──────── The data

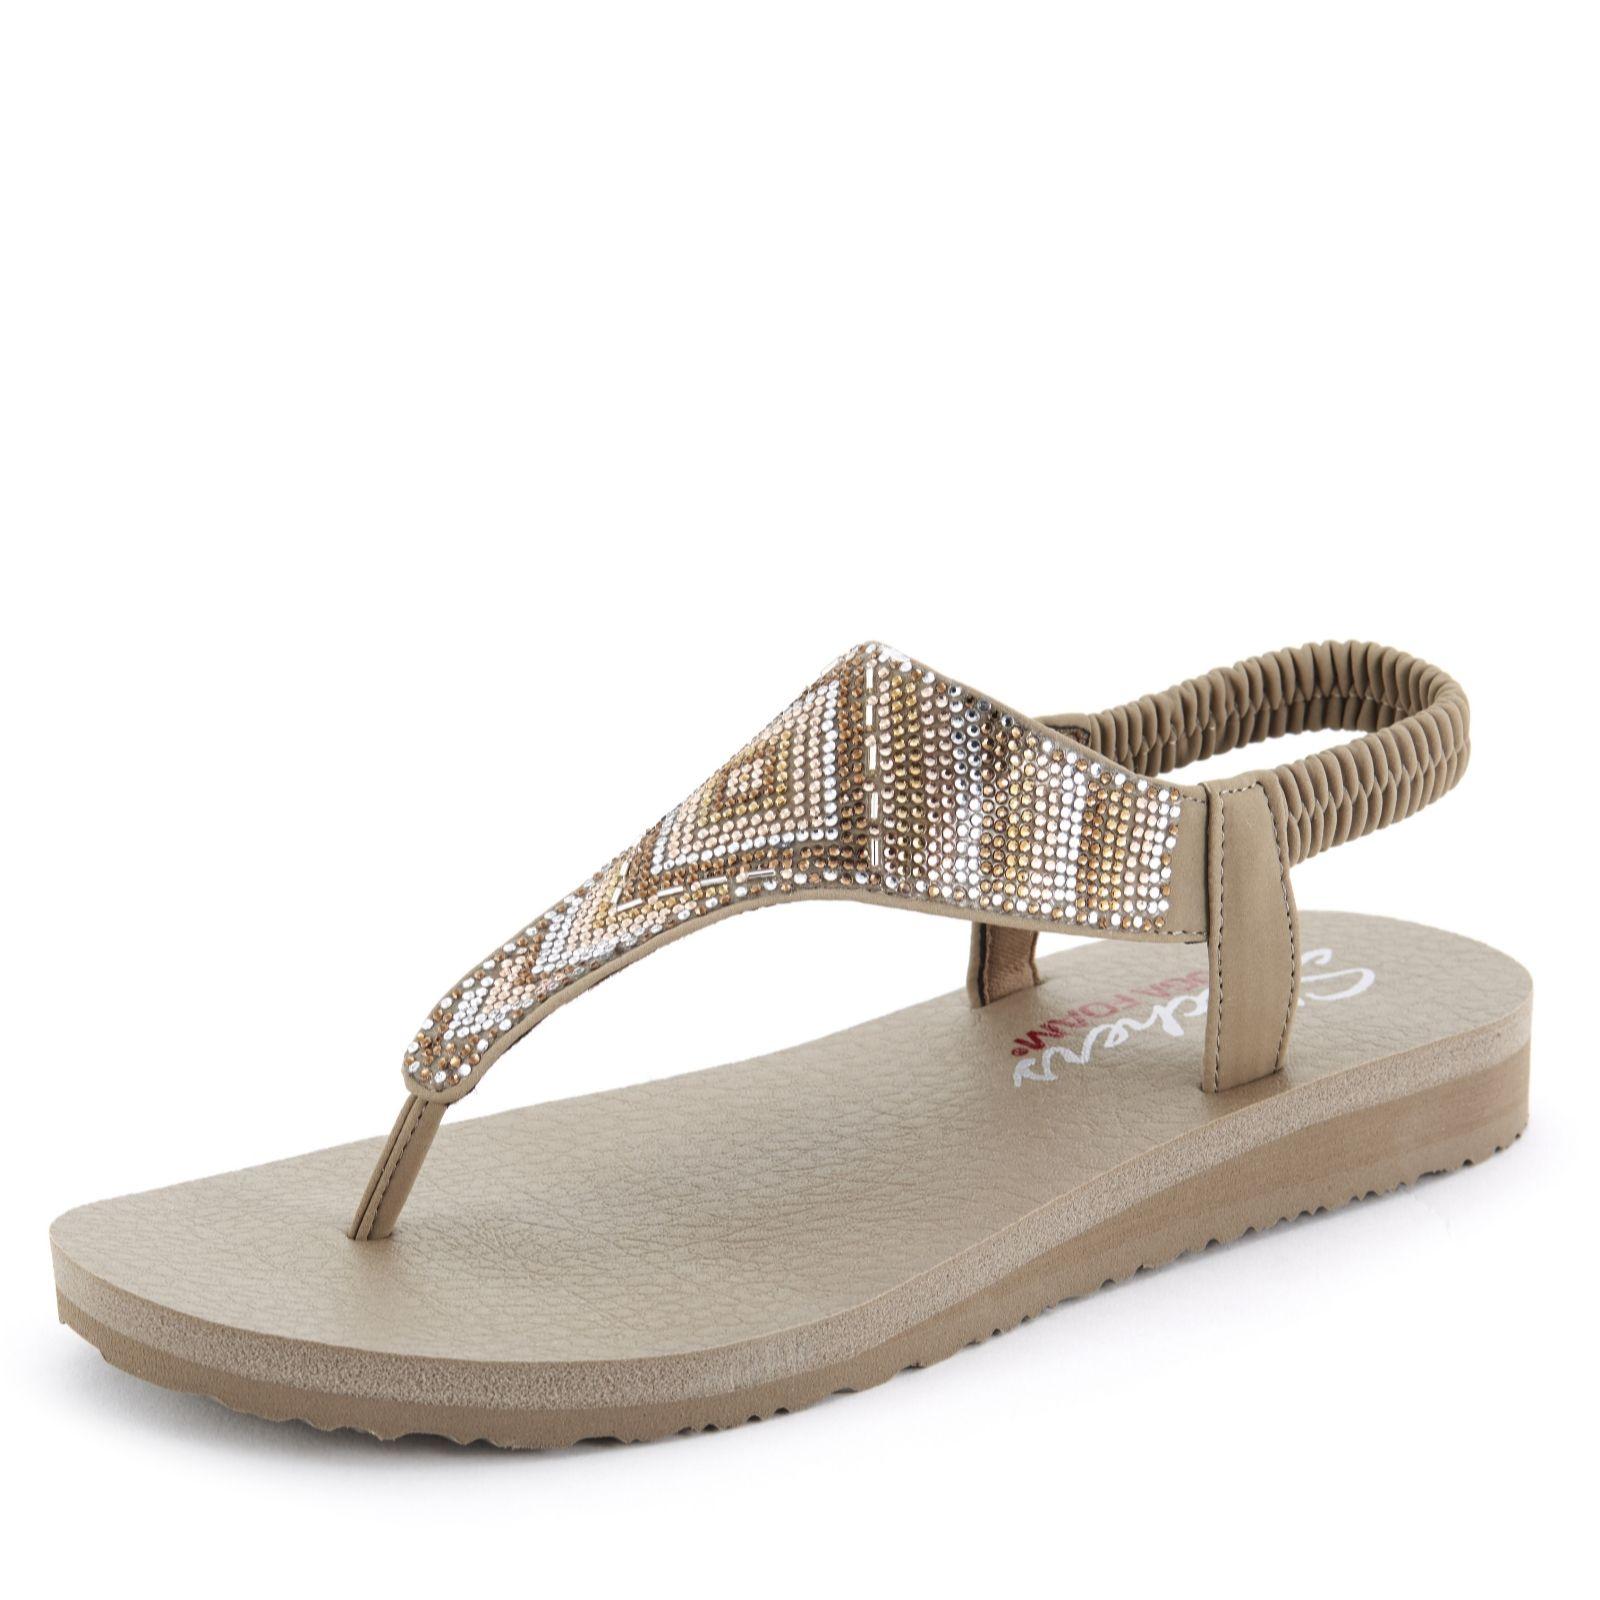 3f16a853c4e3 Skechers Meditation Gypsy Glam Aztec Rhinestone Sling Back Sandal ...
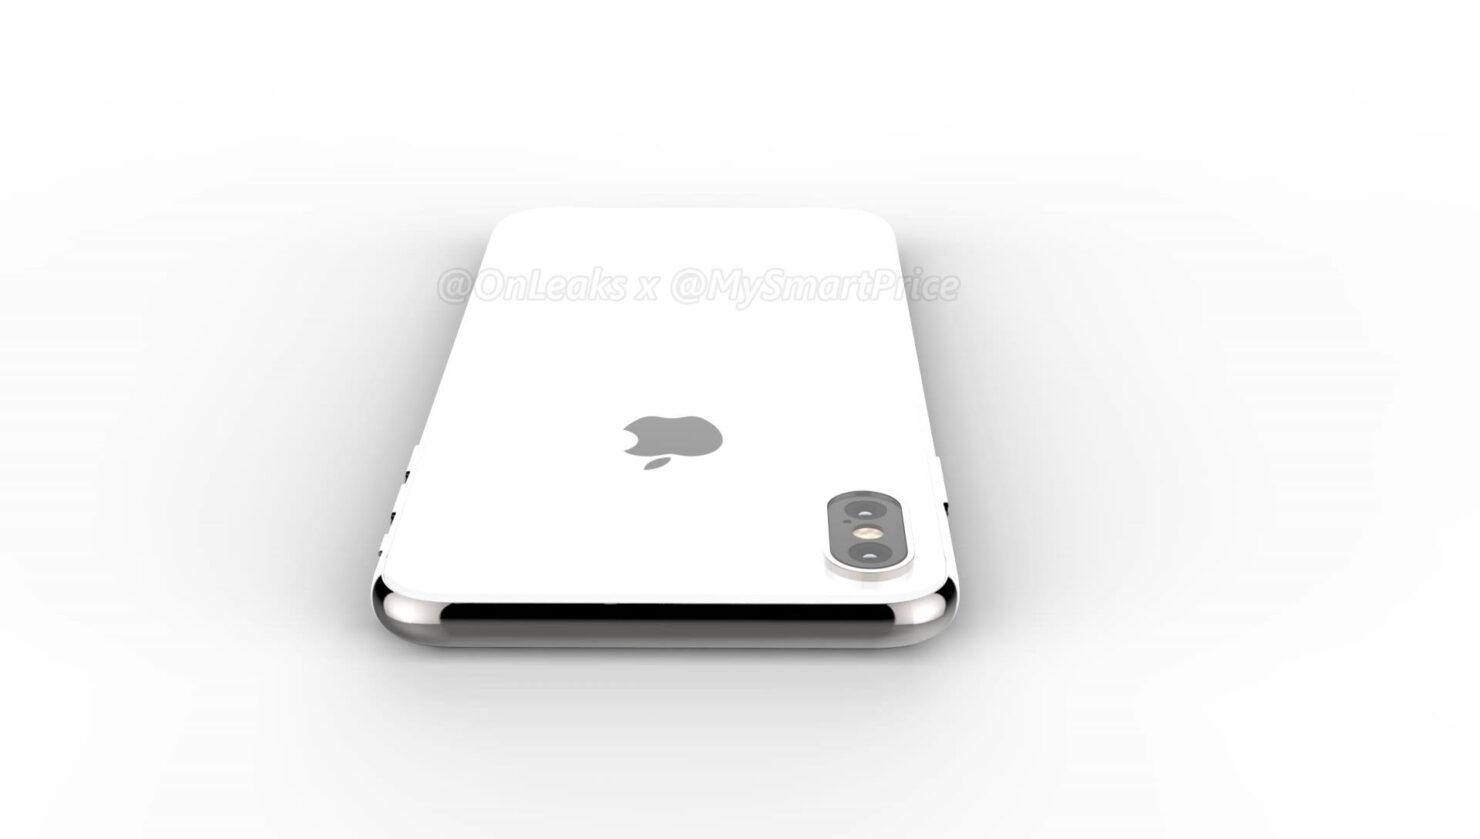 apple-iphone-x-plus-6-5-inch-11
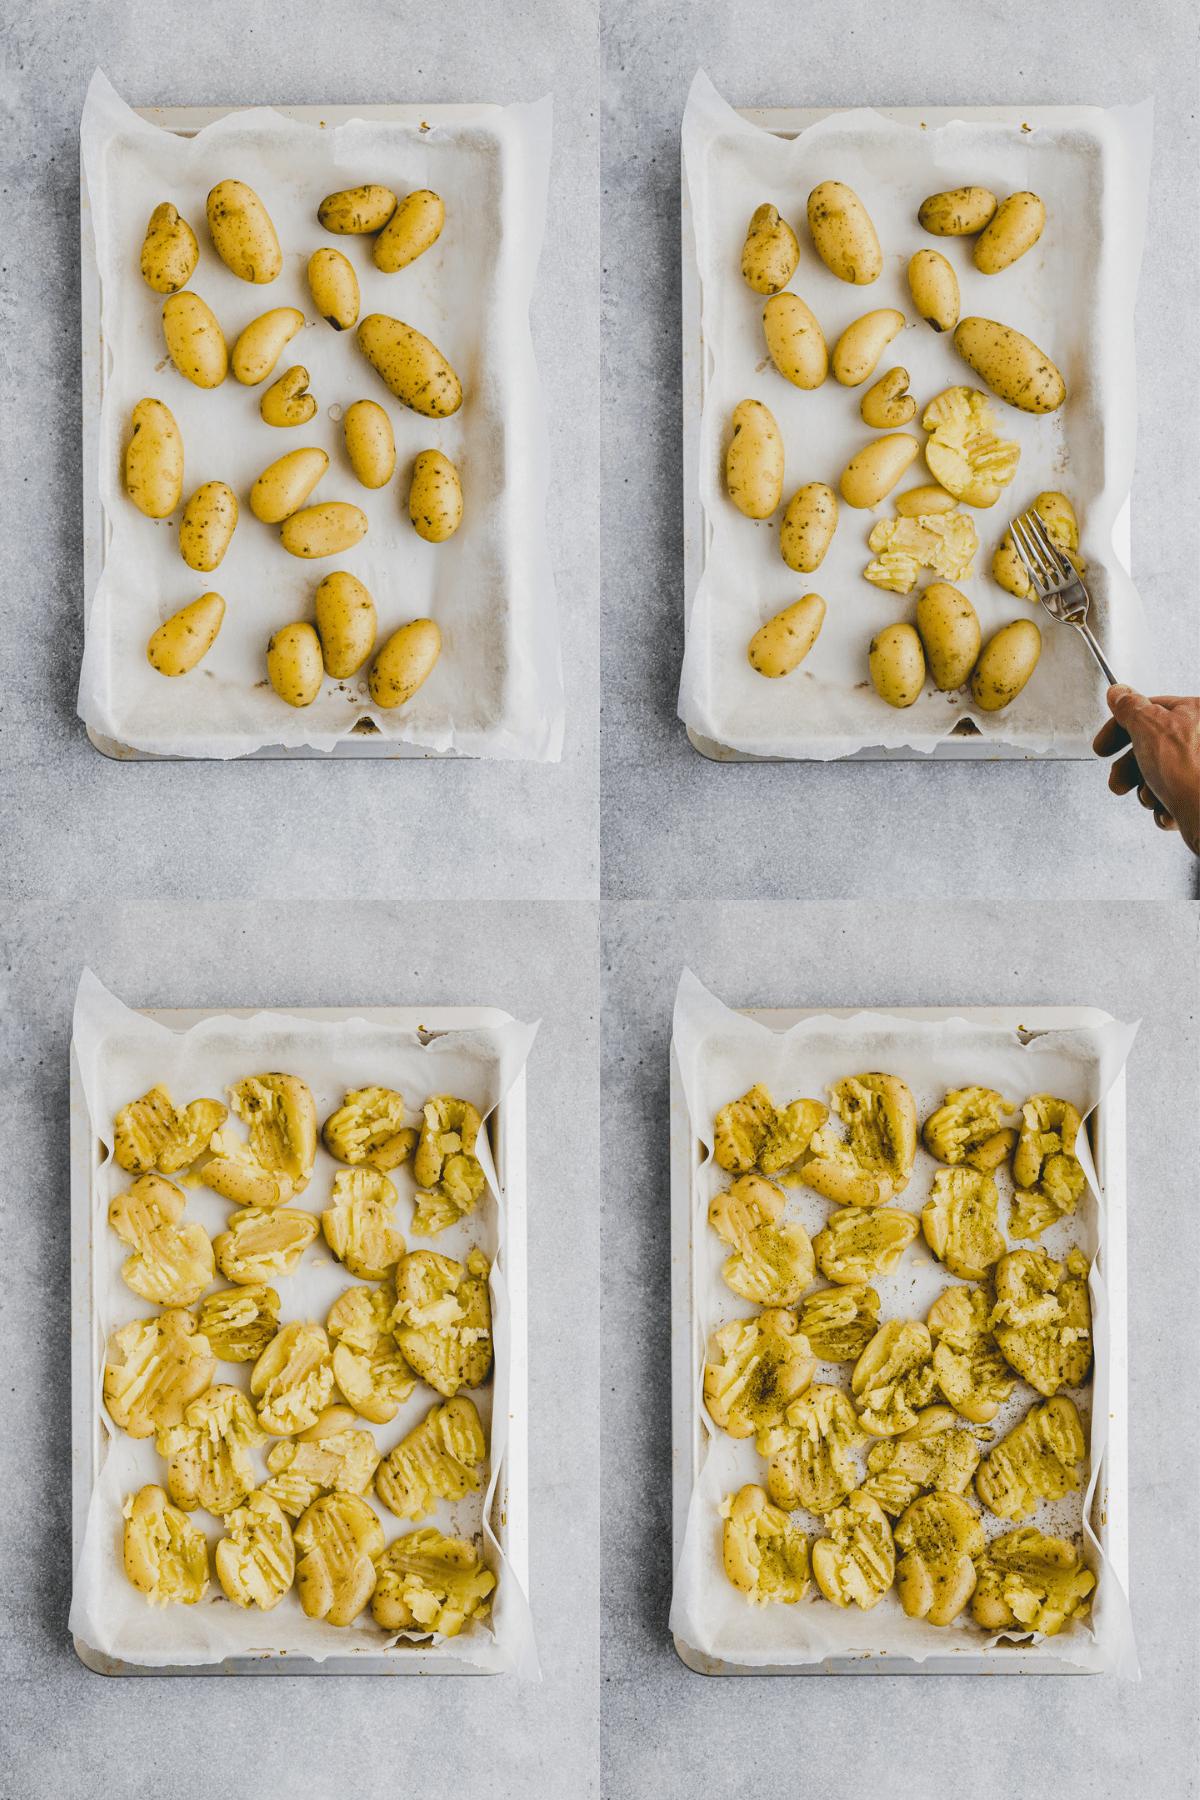 Smashed Potatoes Recipe Step 3-6
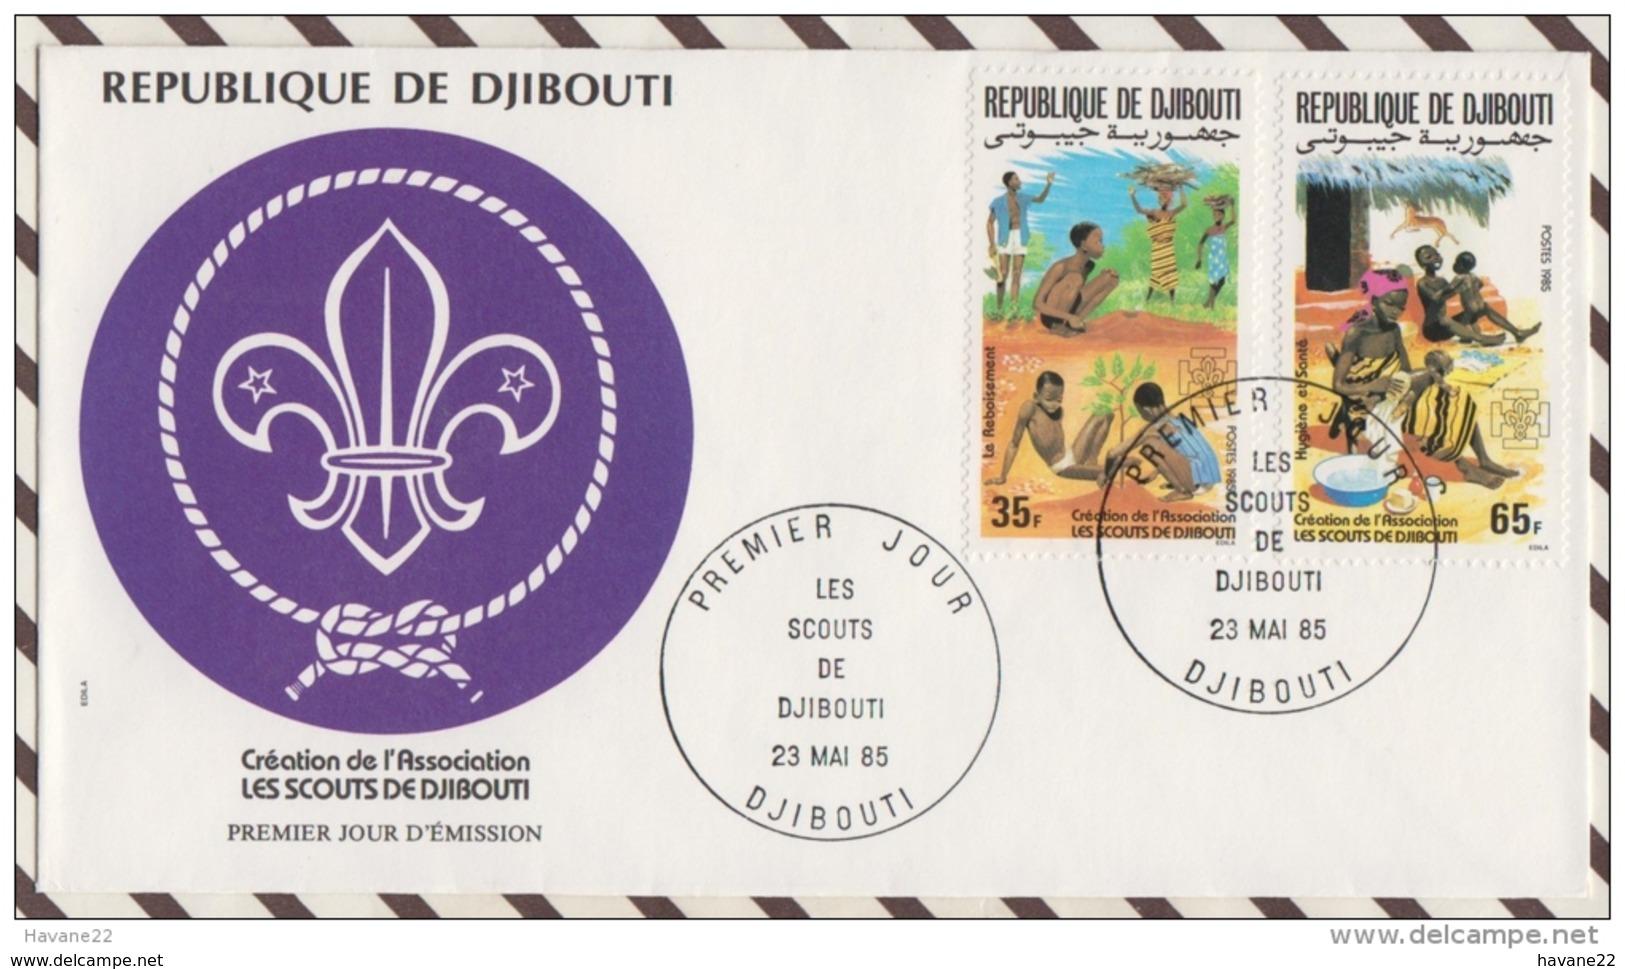 FDC 19 ENVELOPPE 1ER JOUR 1985 REPUBLIQUE DE DJIBOUTI CREATION DE L'ASSOCIATION LES SCOUTS DE DJIBOUTI - Djibouti (1977-...)

────────────────

• Action item: Repeat the listing above word for word, omitting the pictures.

• Solution to the exercise:
 3f16a853c4e3 Skechers Meditation Gypsy Glam Aztec Rhinestone Sling Back Sandal ...
 apple-iphone-x-plus-6-5-inch-11
 Smashed Potatoes Recipe Step 3-6
 FDC 19 ENVELOPPE 1ER JOUR 1985 REPUBLIQUE DE DJIBOUTI CREATION DE L'ASSOCIATION LES SCOUTS DE DJIBOUTI - Djibouti (1977-...)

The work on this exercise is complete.